__WORK ITEM__: The task for the listing below is to write out exactly the lines starting at the one containing "Пижама с жакетом" and ending at the one containing "Sepatu Lincon 215", both included. Pictures are to be omitted.

__MATERIAL SUPPLIED__:
::::::::::

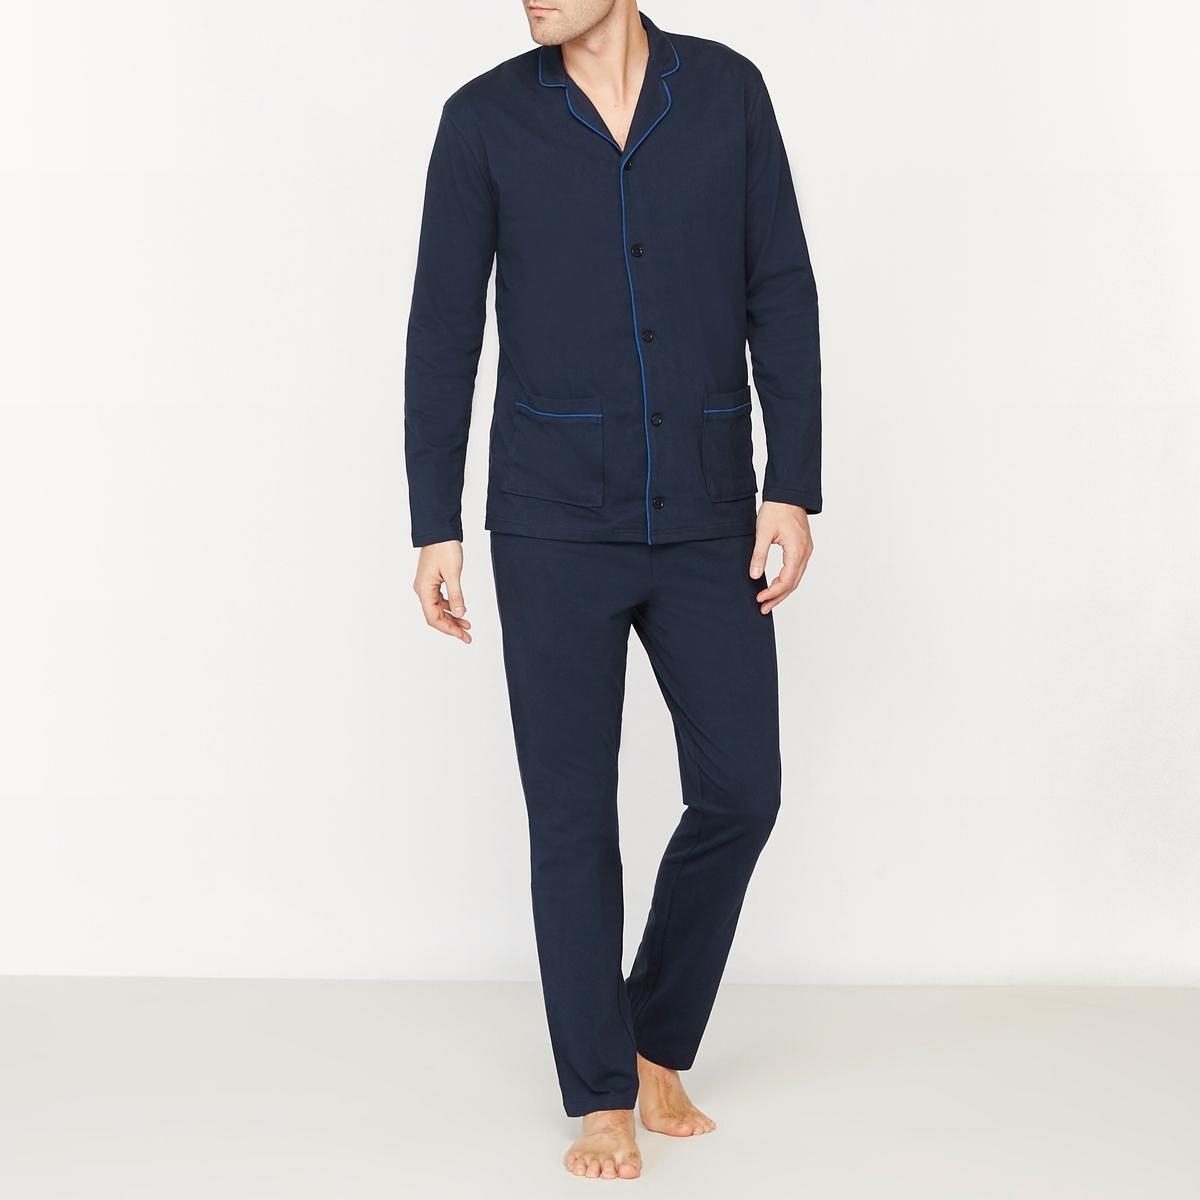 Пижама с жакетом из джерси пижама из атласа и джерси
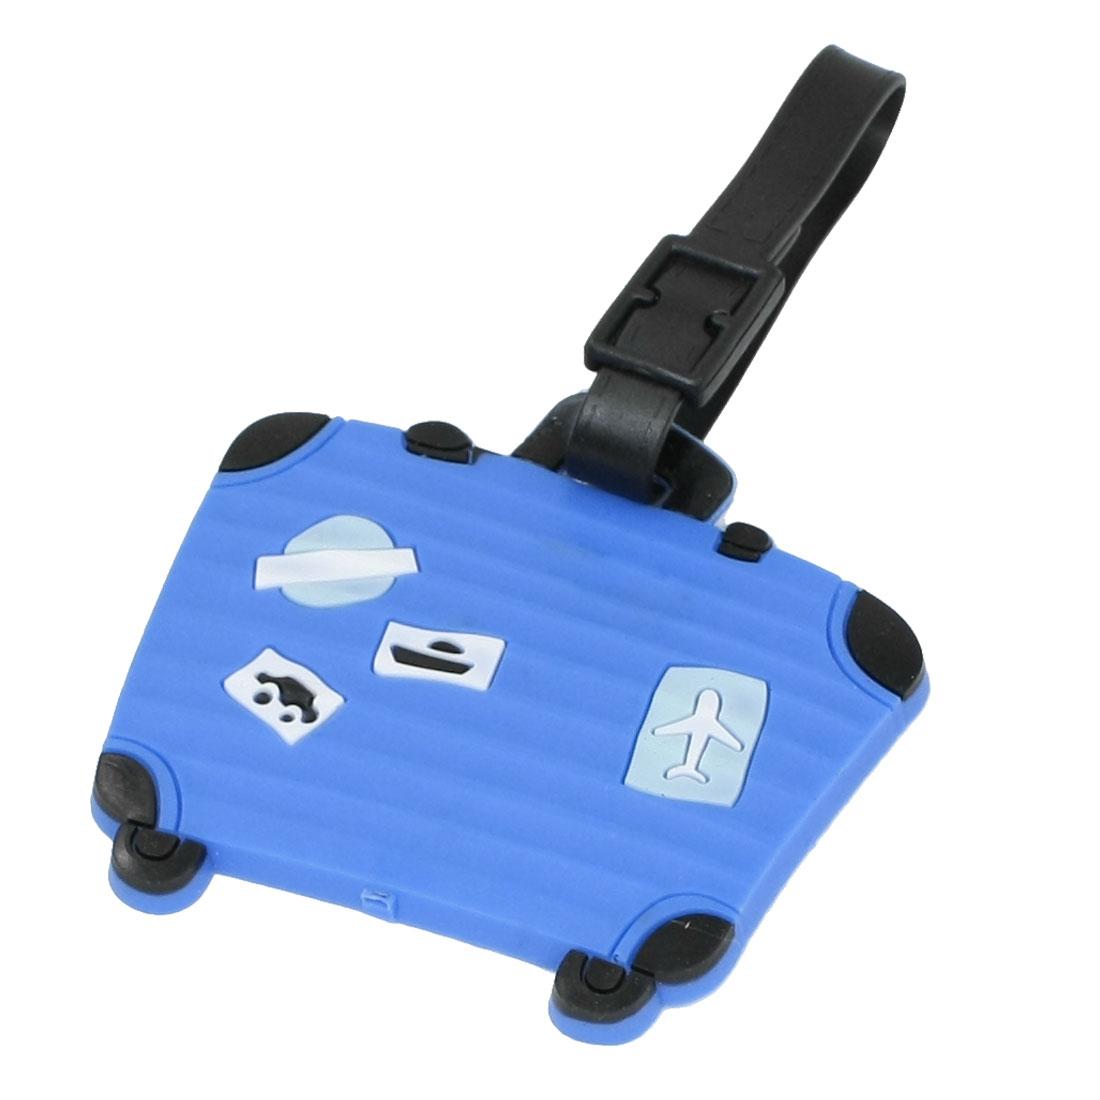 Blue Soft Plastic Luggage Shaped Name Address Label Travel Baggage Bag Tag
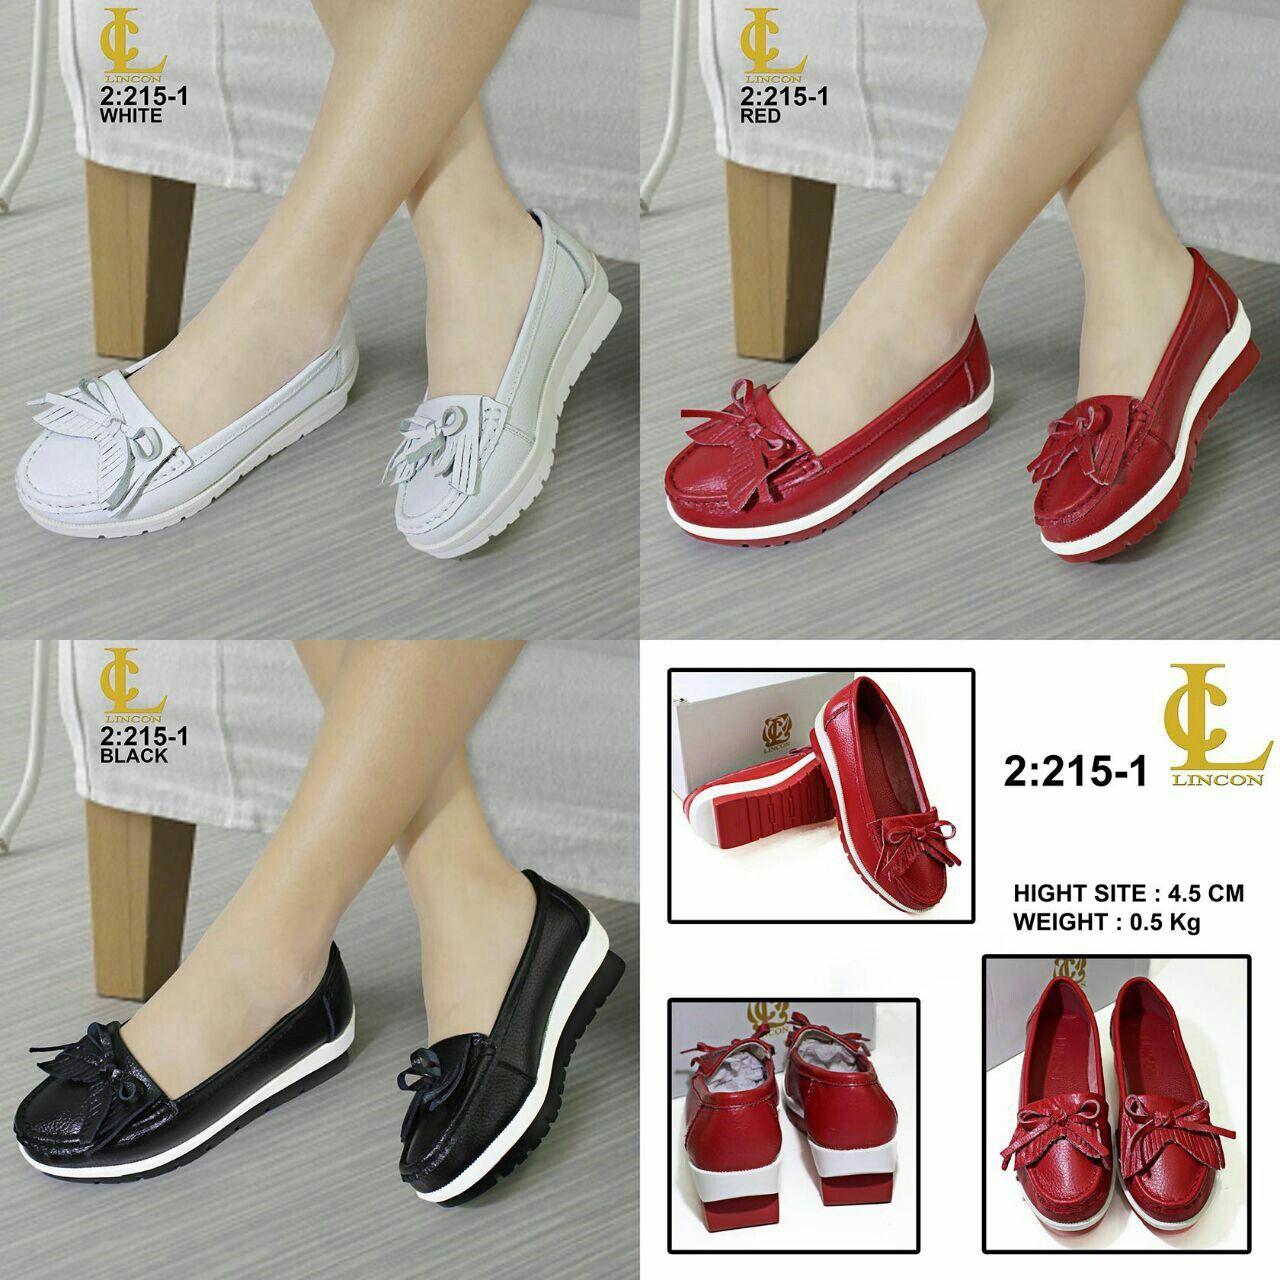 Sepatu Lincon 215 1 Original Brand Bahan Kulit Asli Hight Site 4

::::::::::

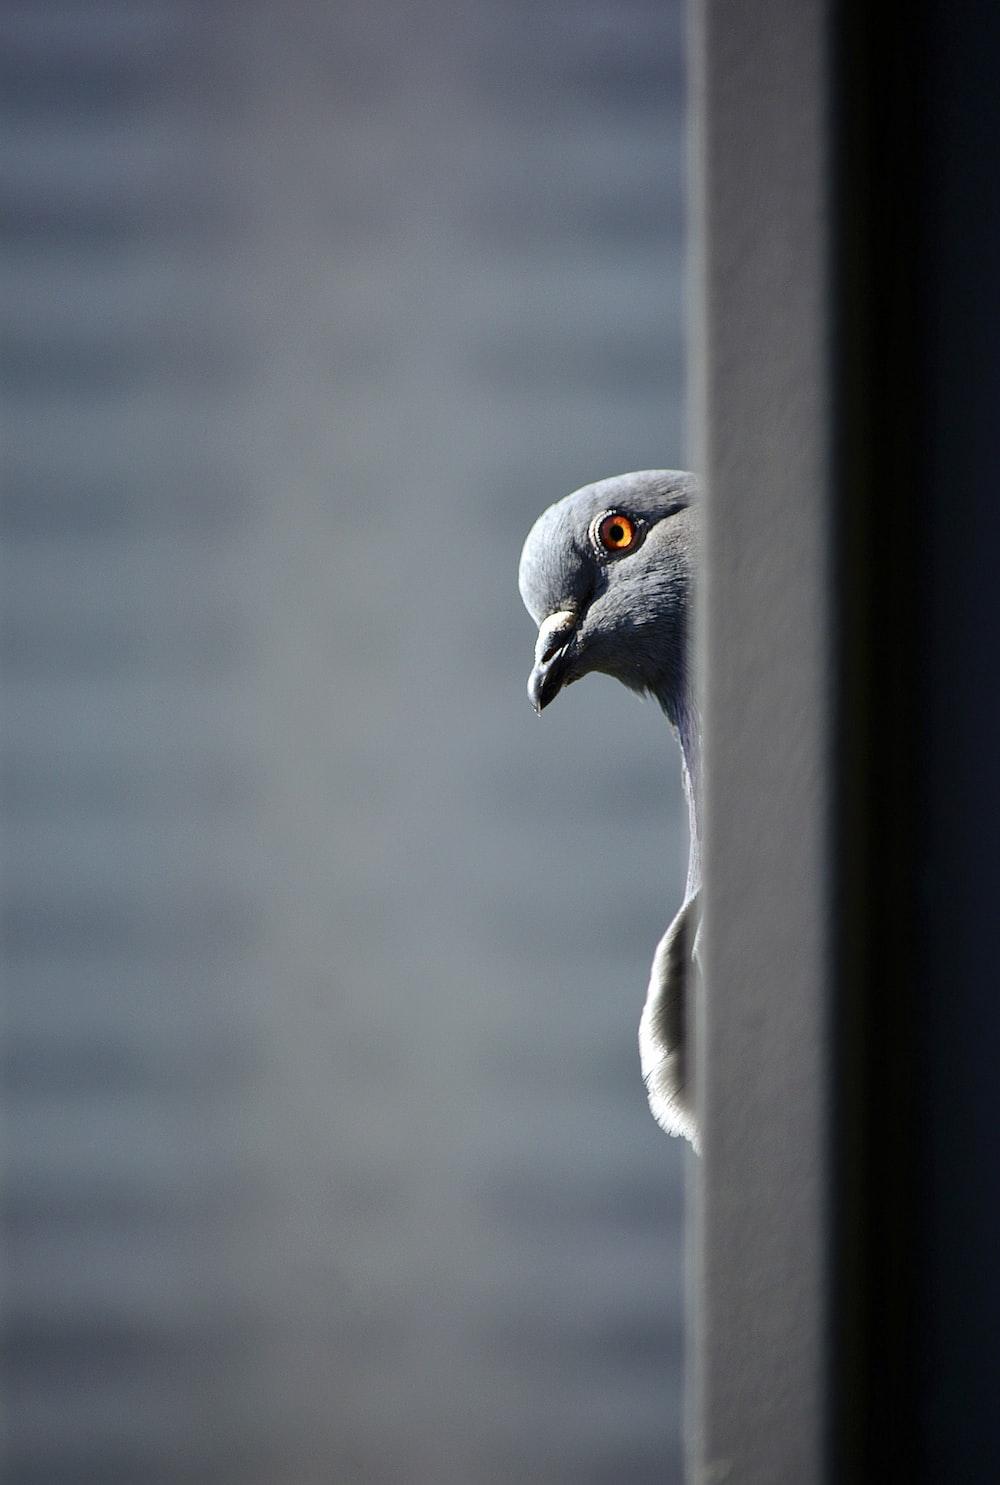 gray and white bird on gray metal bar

::::::::::

__EXERCISE RESPONSE__:
 Пижама с жакетом из джерси пижама из атласа и джерси
 Blue Soft Plastic Luggage Shaped Name Address Label Travel Baggage Bag Tag
 Sepatu Lincon 215 1 Original Brand Bahan Kulit Asli Hight Site 4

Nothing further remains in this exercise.